BEGIN DATA SHOWN
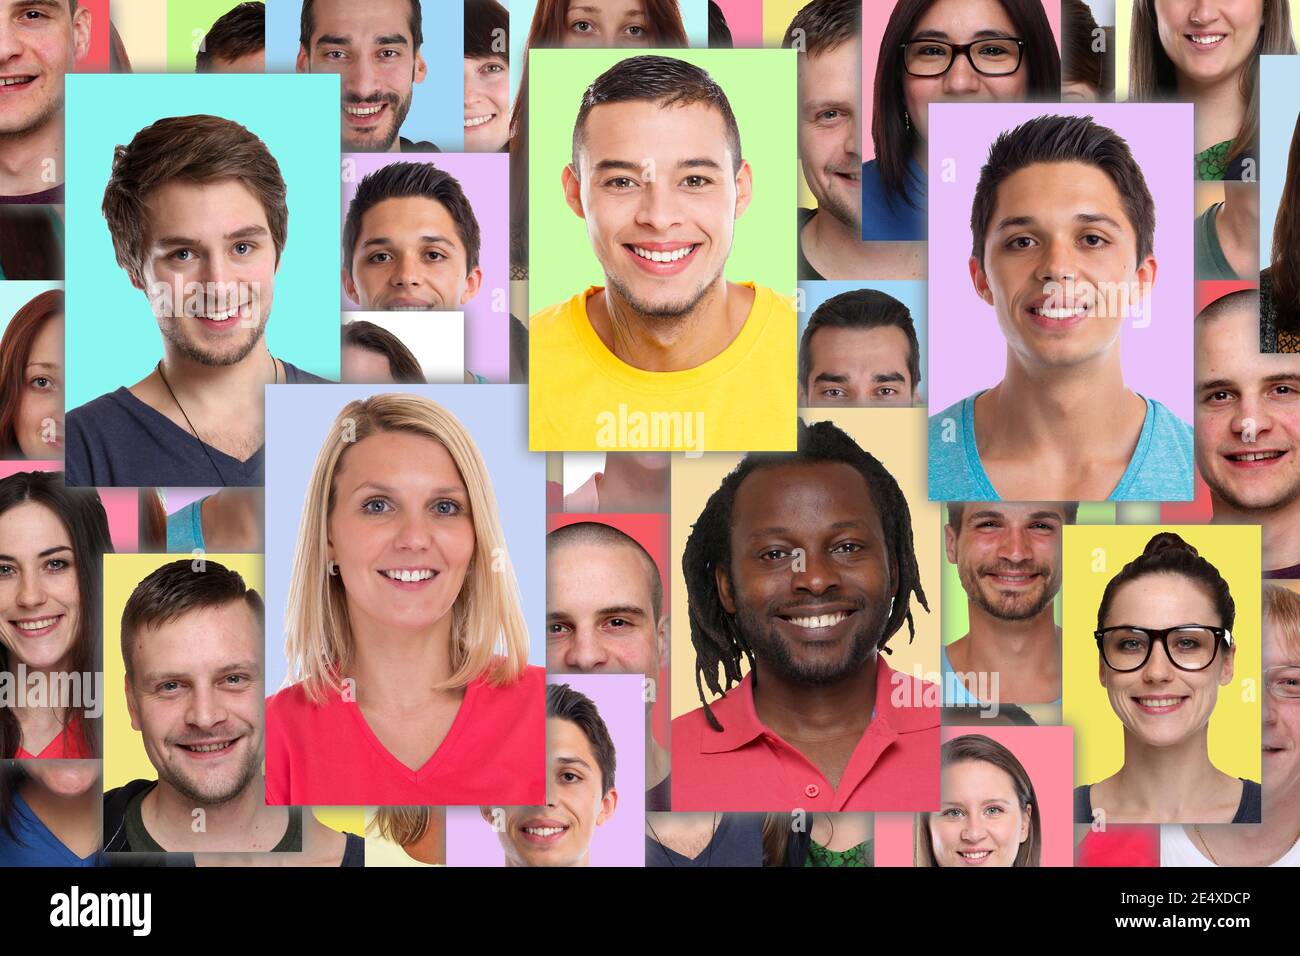 Portrait Sammlung Gruppe von Menschen Porträts Gesichter Hintergrund jung lächelnd Social Media-Netzwerk Stockfoto
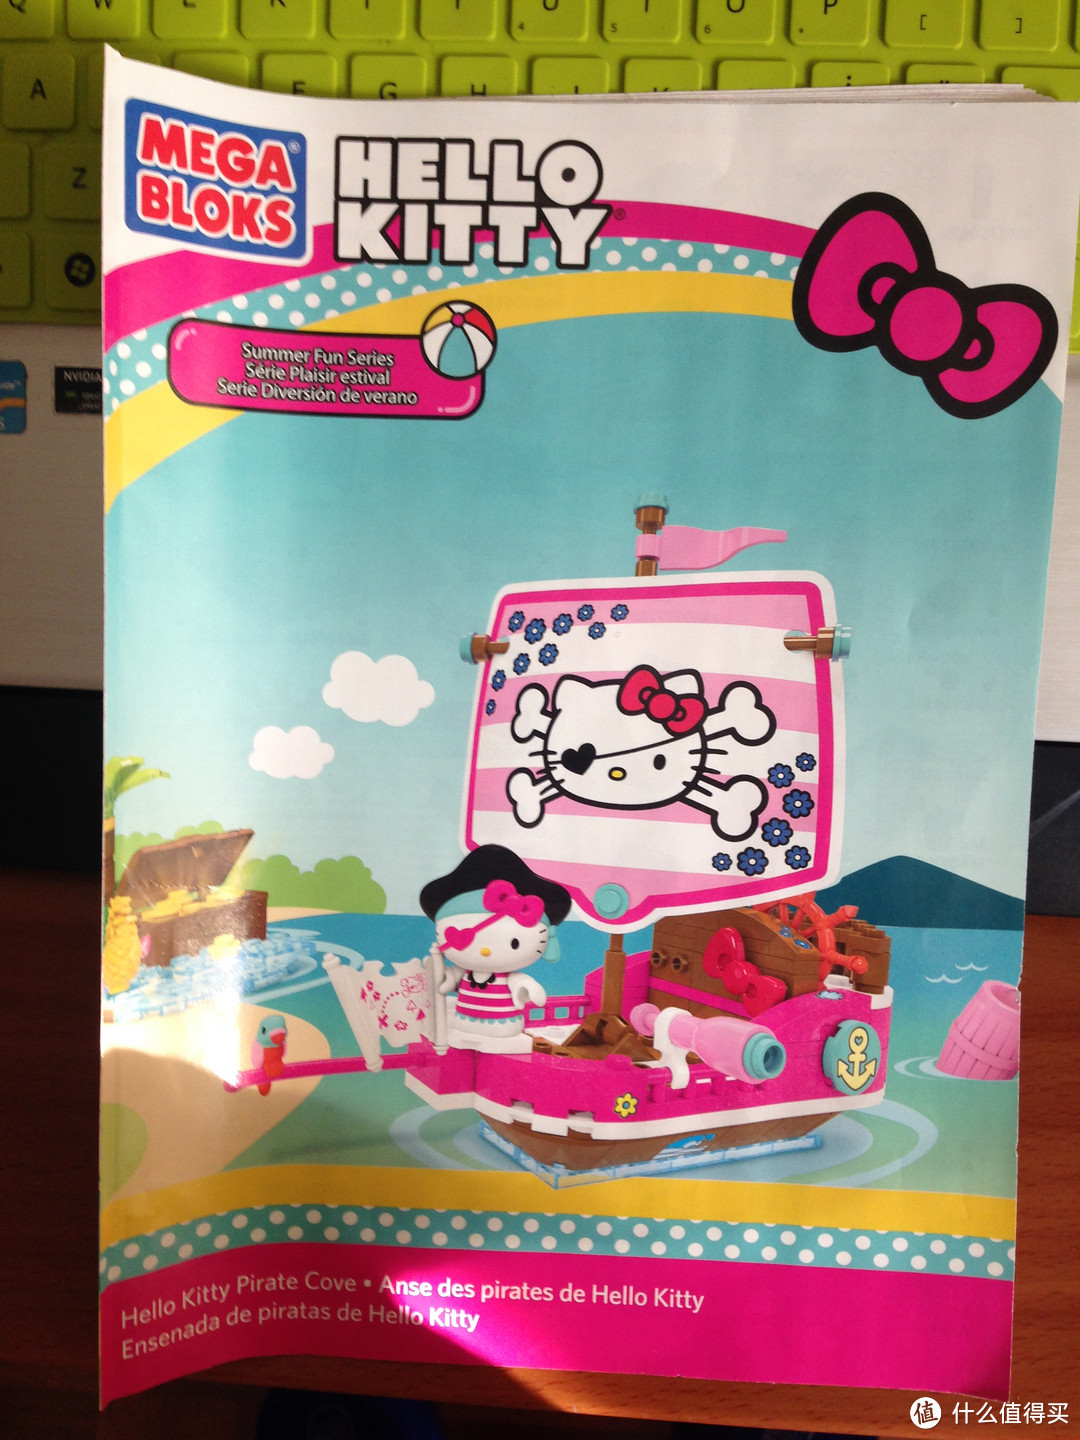 Mega Bloks Hello Kitty 系列简单开箱
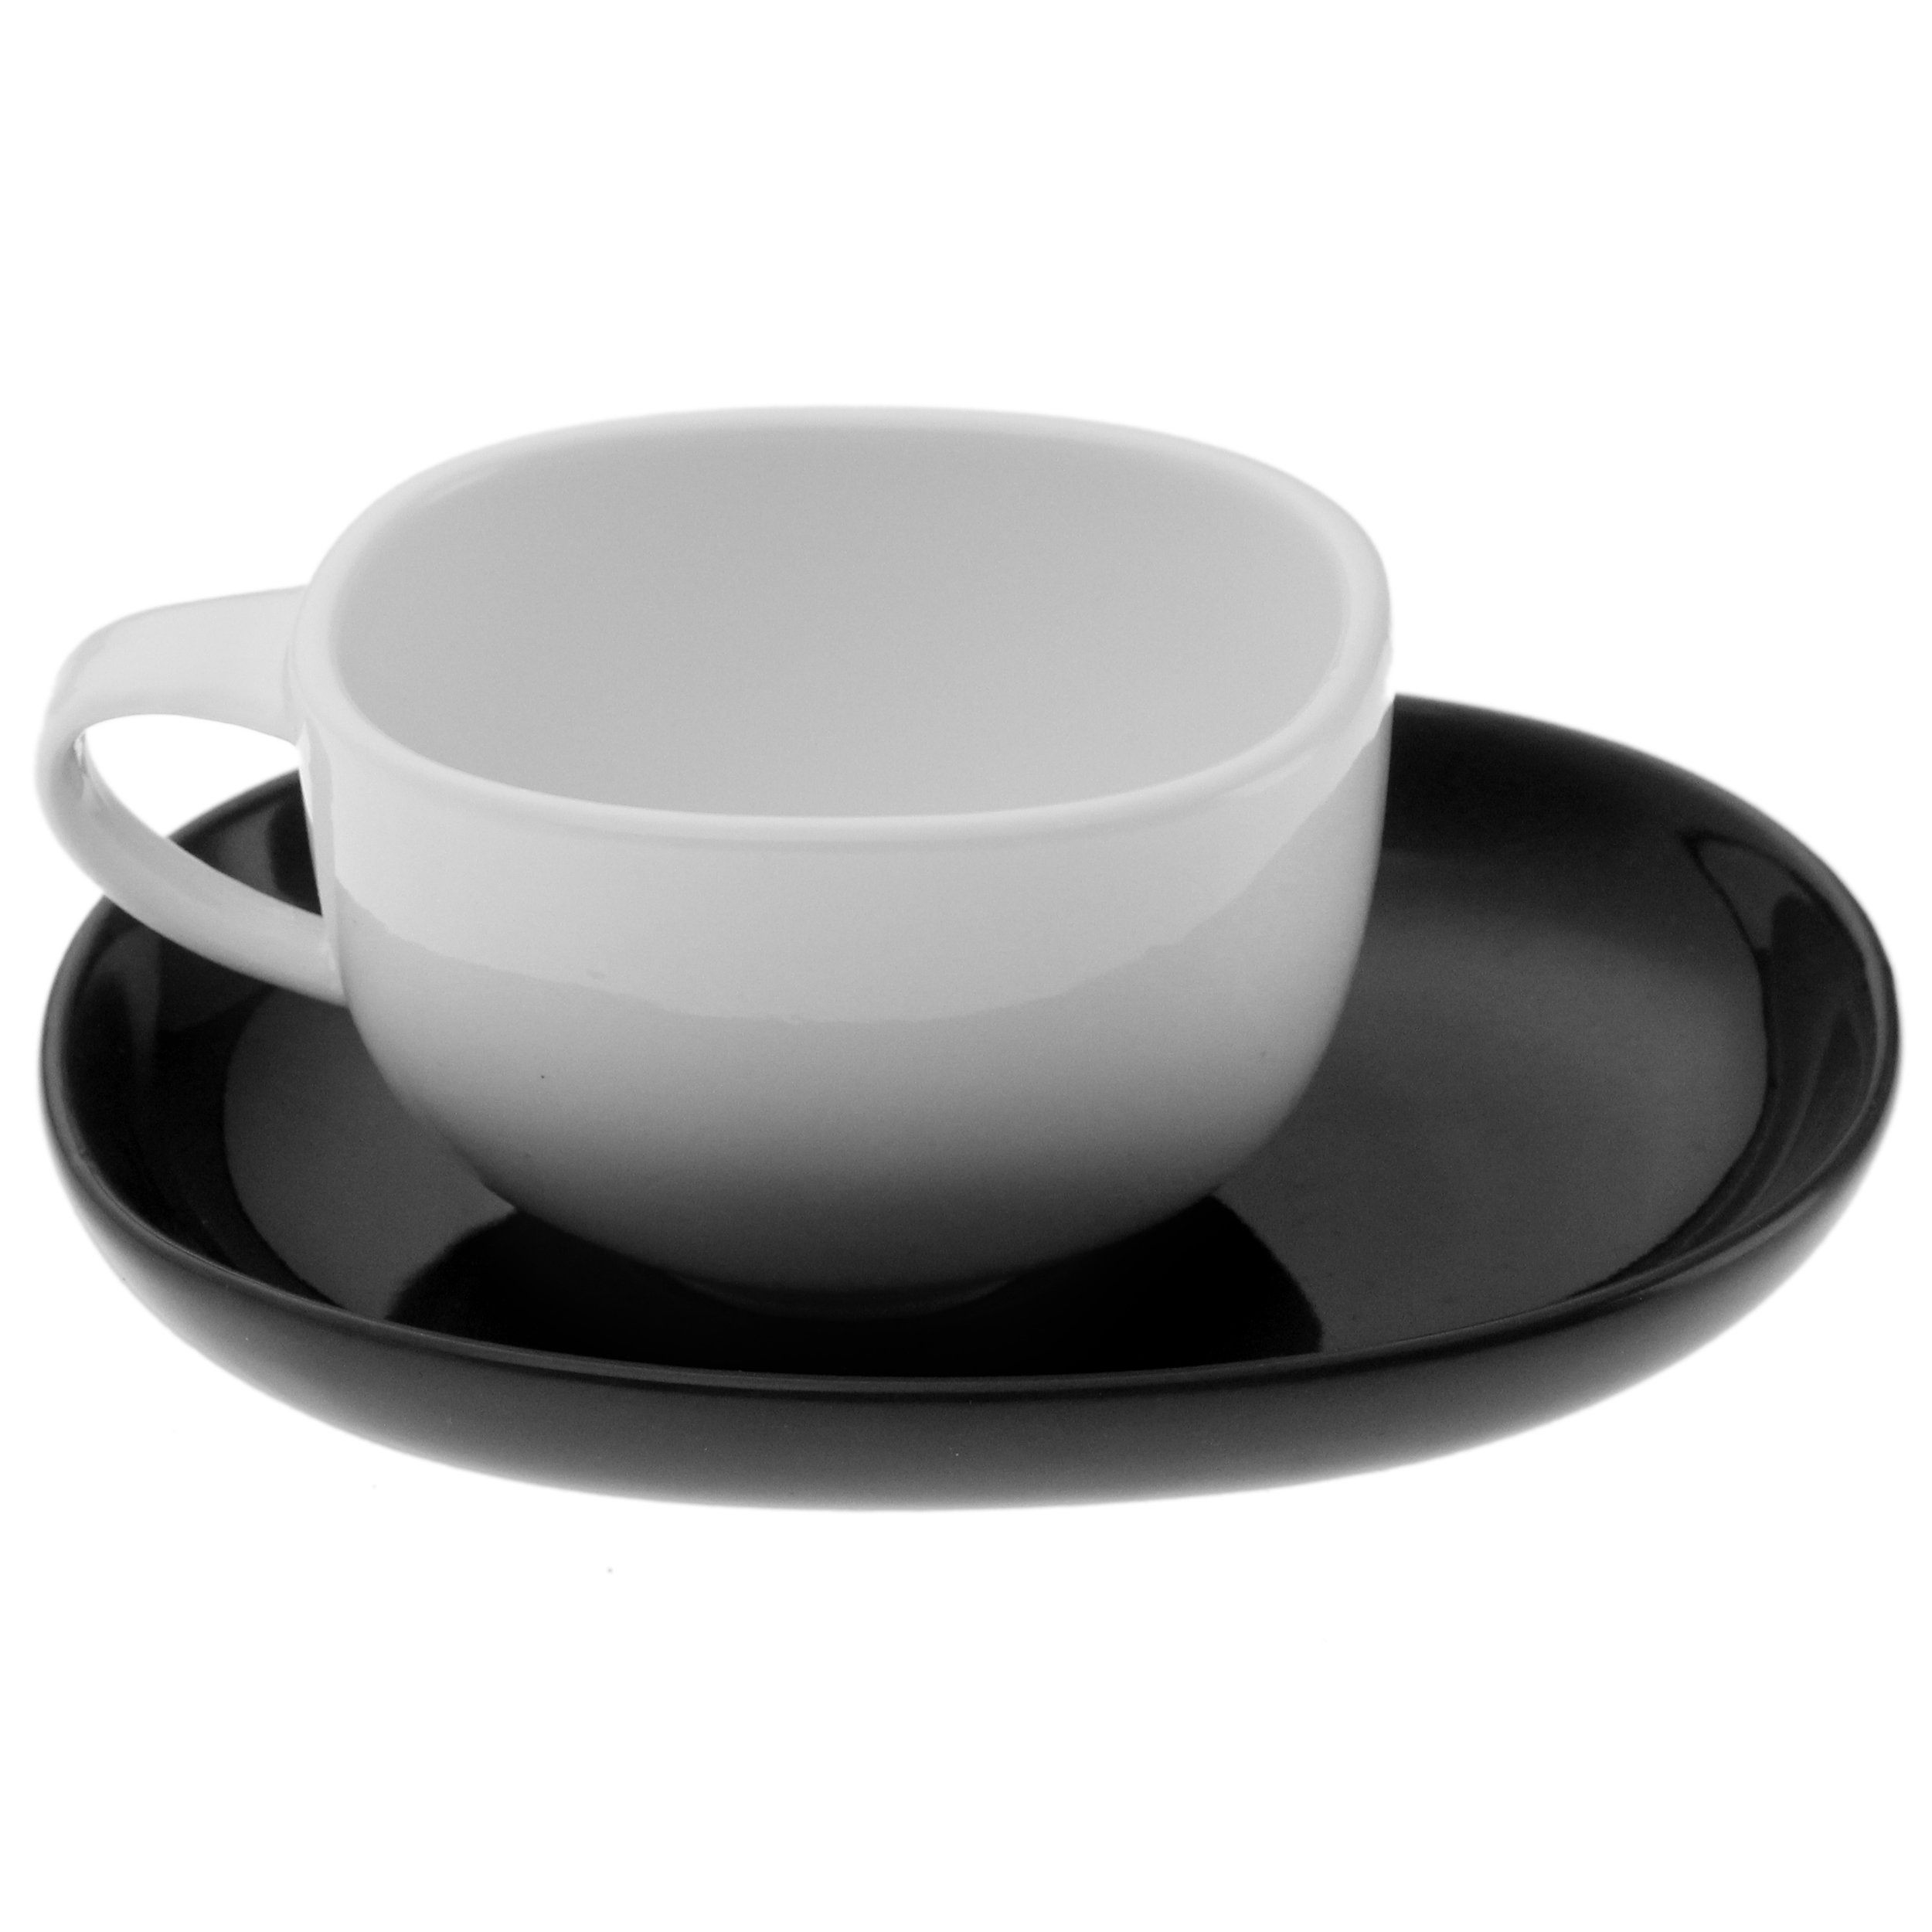 سرویس قهوه خوری 12 پارچه وان کافی مدل بارکا کالر کد JX002-230-C
END DATA SHOWN
== WHAT IS NEEDED ==
The data is to be printed again exactly, but without its pictures.

== SOLUTION ==
 Portrait Sammlung Gruppe von Menschen Porträts Gesichter Hintergrund jung lächelnd Social Media-Netzwerk Stockfoto
 Mega Bloks Hello Kitty 系列简单开箱
 سرویس قهوه خوری 12 پارچه وان کافی مدل بارکا کالر کد JX002-230-C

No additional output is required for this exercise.